У Фуко речь о "технологии", "техниках себя", "заботе о себе" заходит тогда, когда он хочет выявить специфику начавшегося у древних греков процесса субъективизации, которую он четко противопоставляет самому субъекту. Еще более категоричен в этом отношении Делёз: "Глупо утверждать, что Фуко заново открыл или снова ввел потаенного субъекта, после того как он его отверг. Субъекта нет, есть лишь порождение субъективности: субъективность еще необходимо было произвести, когда для этого пришло время, именно потому, что субъекта не существует"[12].

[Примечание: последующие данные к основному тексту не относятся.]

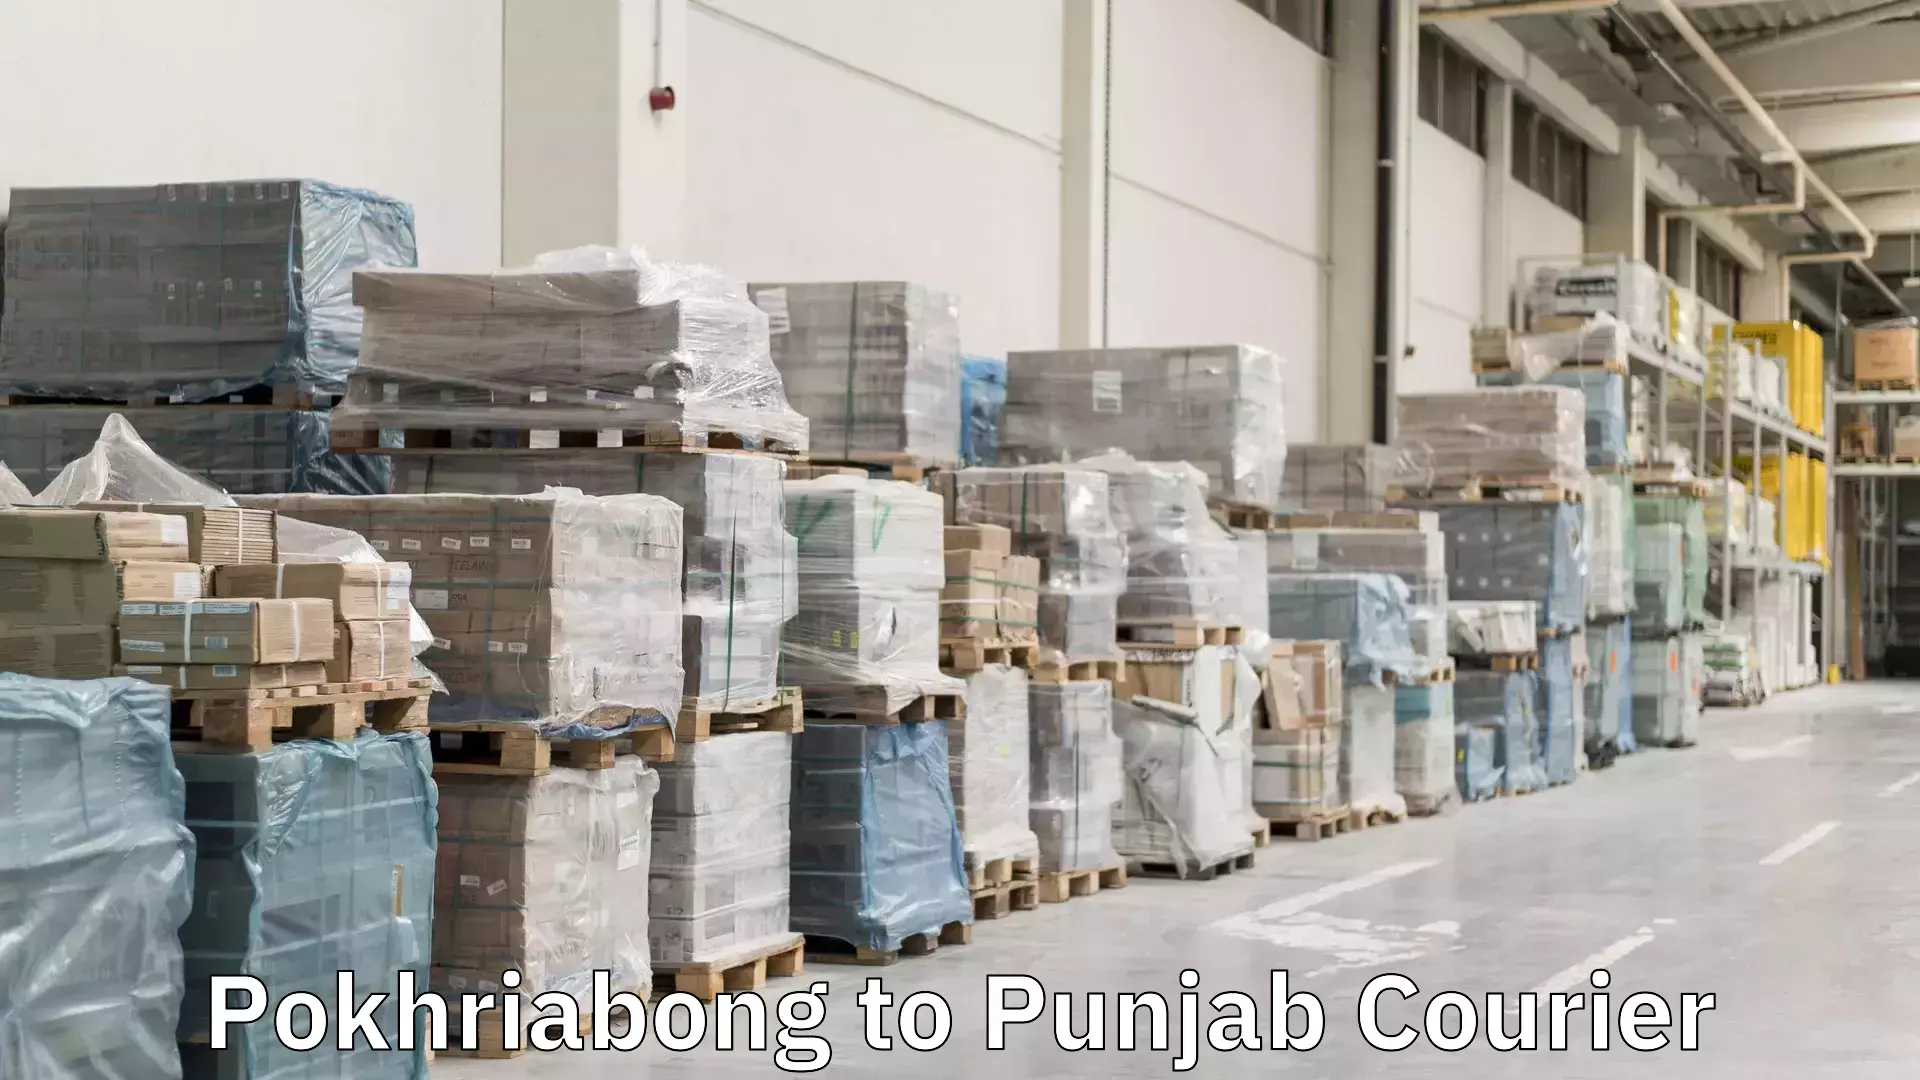 Professional courier handling Pokhriabong to Punjab

В этом Делёз перекликается с аналогичными высказываниями Фуко второй половины 60-х — начала 70-х годов. "Абсолютного субъекта не существует", — утверждал он в 1969 г.[13]. В 1972 г. Фуко выступил с самой решительной критикой понятия "автора" как сознательного и суверенного творца собственного произведения: "Автор не является бездонным источником смыслов, которые заполняют

произведения; автор не предшествует своим произведениям, он — всего лишь определенный функциональный принцип, посредством которого в нашей культуре осуществляется процесс ограничения, исключения и выбора; короче говоря, посредством которого мешают свободной циркуляции, свободной манипуляции, свободной композиции, декомпозиции и рекомпозиции художественного вымысла… автор — идеологическая фигура, с помощью которой маркируется способ распространения смысла"[14].

И, конечно, нельзя забыть последний пассаж в "Словах и вещах", произведший столь сильное впечатление на современников, где Фуко возвещает о "смерти человека", утверждает тезис, что "человек — это изобретение недавнее", появившееся всего лишь полтора века назад, и с изменением "основных установок знания" "человек изгладится, как лицо, нарисованное на прибрежном песке"[15].

Это фактическое заявление Фуко о "смерти субъекта" нельзя рассматривать, естественно, с точки зрения буквального истолкования данного понятия, поскольку некритичное его понимание значительно обедняет, если вообще не исключает тот "теоретический позитив", что в нем содержится. Не следует забывать, что эта концепция была полемически направлена против представления о своевольном, "своевластном" индивиде "буржуазного сознания" — простветительской, романтической и позитивистской иллюзии, игнорировавшей реальную зависимость человека от социальных — материальных и духовных — условий его существования и от той суммы представлений — т. е. от идеологии, — в которую эти условия жизни облекались. В чисто философском плане подобные представления «профана» воплощались в виде спекулятивного конструкта "трансцендентального субъекта", который и стал предметом ожесточенной критики Фуко в первую очередь.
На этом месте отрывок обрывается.